To do - Starting at the line that holds "Motherwell versus Livingston" and stopping at the line that holds "Yugito from the", restate the records below word for word, with both of those lines included.

--- Records for the exercise Enclosed Below ---

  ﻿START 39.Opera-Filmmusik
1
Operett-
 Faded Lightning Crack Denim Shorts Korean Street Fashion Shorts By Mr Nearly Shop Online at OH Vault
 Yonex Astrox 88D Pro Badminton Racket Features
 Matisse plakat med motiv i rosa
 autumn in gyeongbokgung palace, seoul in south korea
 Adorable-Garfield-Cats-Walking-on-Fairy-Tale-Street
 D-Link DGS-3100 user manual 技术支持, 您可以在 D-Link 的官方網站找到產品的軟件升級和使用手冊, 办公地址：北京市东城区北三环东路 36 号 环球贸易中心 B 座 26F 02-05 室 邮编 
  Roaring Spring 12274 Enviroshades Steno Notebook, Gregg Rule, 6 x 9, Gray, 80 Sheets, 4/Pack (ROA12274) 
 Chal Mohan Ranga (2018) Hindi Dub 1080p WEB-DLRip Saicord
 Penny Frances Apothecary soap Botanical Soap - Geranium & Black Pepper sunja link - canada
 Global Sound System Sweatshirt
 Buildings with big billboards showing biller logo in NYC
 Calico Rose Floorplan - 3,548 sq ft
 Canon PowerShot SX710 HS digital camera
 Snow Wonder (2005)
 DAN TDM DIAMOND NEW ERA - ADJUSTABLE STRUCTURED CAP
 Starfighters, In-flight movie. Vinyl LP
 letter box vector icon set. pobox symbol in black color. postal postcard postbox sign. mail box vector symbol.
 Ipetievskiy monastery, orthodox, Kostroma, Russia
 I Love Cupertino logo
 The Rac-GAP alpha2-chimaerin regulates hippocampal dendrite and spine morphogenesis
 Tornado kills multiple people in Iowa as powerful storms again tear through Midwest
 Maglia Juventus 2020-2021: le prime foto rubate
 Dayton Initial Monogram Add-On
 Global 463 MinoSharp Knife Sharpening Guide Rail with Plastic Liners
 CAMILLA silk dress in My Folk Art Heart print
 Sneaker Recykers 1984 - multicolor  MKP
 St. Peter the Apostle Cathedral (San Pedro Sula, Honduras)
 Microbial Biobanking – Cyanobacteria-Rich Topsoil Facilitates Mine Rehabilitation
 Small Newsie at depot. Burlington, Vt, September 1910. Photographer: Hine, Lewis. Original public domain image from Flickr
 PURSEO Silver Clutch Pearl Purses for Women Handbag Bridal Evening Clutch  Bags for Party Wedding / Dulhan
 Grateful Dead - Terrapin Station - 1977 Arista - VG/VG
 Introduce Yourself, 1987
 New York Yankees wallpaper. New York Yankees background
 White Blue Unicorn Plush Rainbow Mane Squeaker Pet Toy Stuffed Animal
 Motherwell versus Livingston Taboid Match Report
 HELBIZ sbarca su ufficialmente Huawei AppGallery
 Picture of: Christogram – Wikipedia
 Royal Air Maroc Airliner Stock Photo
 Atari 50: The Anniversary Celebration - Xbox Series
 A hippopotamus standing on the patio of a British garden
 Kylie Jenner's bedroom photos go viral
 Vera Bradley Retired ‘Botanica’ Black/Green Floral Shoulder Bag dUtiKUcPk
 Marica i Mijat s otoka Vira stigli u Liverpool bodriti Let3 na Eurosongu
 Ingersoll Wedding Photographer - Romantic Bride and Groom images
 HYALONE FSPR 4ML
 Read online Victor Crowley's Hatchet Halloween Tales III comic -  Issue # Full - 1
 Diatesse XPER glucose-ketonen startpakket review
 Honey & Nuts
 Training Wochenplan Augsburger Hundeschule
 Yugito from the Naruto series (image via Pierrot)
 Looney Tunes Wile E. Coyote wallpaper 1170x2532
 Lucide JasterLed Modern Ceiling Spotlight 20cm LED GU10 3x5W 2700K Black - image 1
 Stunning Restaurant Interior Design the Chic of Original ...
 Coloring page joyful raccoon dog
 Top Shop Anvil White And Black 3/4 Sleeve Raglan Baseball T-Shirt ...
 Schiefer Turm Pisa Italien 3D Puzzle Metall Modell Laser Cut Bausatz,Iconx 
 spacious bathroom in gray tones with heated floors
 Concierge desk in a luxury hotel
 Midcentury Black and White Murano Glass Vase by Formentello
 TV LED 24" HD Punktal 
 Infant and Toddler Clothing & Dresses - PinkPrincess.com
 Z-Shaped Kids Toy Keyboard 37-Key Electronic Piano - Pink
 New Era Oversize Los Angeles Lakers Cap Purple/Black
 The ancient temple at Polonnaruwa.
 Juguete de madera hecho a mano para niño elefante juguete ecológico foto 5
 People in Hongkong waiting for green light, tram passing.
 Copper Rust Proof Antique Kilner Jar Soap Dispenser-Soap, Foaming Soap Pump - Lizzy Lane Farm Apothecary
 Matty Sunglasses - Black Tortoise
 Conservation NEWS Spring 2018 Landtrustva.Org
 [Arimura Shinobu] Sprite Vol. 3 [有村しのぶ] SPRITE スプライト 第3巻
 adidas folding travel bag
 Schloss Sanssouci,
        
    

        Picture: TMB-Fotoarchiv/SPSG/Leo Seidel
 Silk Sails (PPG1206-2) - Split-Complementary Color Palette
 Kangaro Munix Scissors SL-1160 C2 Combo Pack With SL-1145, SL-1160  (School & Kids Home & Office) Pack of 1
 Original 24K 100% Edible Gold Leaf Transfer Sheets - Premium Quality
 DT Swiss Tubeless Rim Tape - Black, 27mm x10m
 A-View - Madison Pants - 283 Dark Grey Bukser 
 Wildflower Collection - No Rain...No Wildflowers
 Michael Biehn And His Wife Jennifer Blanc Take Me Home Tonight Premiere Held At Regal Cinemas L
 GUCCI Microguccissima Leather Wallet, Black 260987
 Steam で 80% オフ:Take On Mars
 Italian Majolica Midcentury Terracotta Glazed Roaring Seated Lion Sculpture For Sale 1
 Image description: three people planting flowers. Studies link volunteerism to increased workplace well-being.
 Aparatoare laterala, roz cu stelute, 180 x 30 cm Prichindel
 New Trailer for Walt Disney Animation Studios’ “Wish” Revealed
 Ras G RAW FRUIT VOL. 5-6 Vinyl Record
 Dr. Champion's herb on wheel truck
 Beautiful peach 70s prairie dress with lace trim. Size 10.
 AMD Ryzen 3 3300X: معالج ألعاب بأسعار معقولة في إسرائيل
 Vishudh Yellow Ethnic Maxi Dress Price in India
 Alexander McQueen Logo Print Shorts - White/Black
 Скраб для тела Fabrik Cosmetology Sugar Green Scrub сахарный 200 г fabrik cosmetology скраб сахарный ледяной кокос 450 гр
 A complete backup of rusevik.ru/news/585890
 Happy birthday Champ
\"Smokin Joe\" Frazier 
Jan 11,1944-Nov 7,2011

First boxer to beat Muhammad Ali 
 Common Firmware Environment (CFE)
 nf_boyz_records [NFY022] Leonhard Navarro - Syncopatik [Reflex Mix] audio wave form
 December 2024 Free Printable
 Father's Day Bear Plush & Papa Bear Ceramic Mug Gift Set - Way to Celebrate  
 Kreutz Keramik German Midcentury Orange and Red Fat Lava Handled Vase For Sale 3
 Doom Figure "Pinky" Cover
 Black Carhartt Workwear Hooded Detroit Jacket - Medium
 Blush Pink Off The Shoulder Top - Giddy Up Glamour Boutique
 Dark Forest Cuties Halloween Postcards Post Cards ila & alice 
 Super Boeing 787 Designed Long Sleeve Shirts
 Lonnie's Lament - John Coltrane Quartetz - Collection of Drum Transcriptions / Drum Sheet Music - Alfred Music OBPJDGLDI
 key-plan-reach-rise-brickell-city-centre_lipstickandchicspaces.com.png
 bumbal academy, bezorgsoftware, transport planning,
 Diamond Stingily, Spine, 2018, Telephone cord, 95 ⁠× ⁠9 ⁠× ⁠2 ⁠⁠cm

--- End of Enclosed Records for the exercise ---

Output for this exercise -
 Motherwell versus Livingston Taboid Match Report
 HELBIZ sbarca su ufficialmente Huawei AppGallery
 Picture of: Christogram – Wikipedia
 Royal Air Maroc Airliner Stock Photo
 Atari 50: The Anniversary Celebration - Xbox Series
 A hippopotamus standing on the patio of a British garden
 Kylie Jenner's bedroom photos go viral
 Vera Bradley Retired ‘Botanica’ Black/Green Floral Shoulder Bag dUtiKUcPk
 Marica i Mijat s otoka Vira stigli u Liverpool bodriti Let3 na Eurosongu
 Ingersoll Wedding Photographer - Romantic Bride and Groom images
 HYALONE FSPR 4ML
 Read online Victor Crowley's Hatchet Halloween Tales III comic -  Issue # Full - 1
 Diatesse XPER glucose-ketonen startpakket review
 Honey & Nuts
 Training Wochenplan Augsburger Hundeschule
 Yugito from the Naruto series (image via Pierrot)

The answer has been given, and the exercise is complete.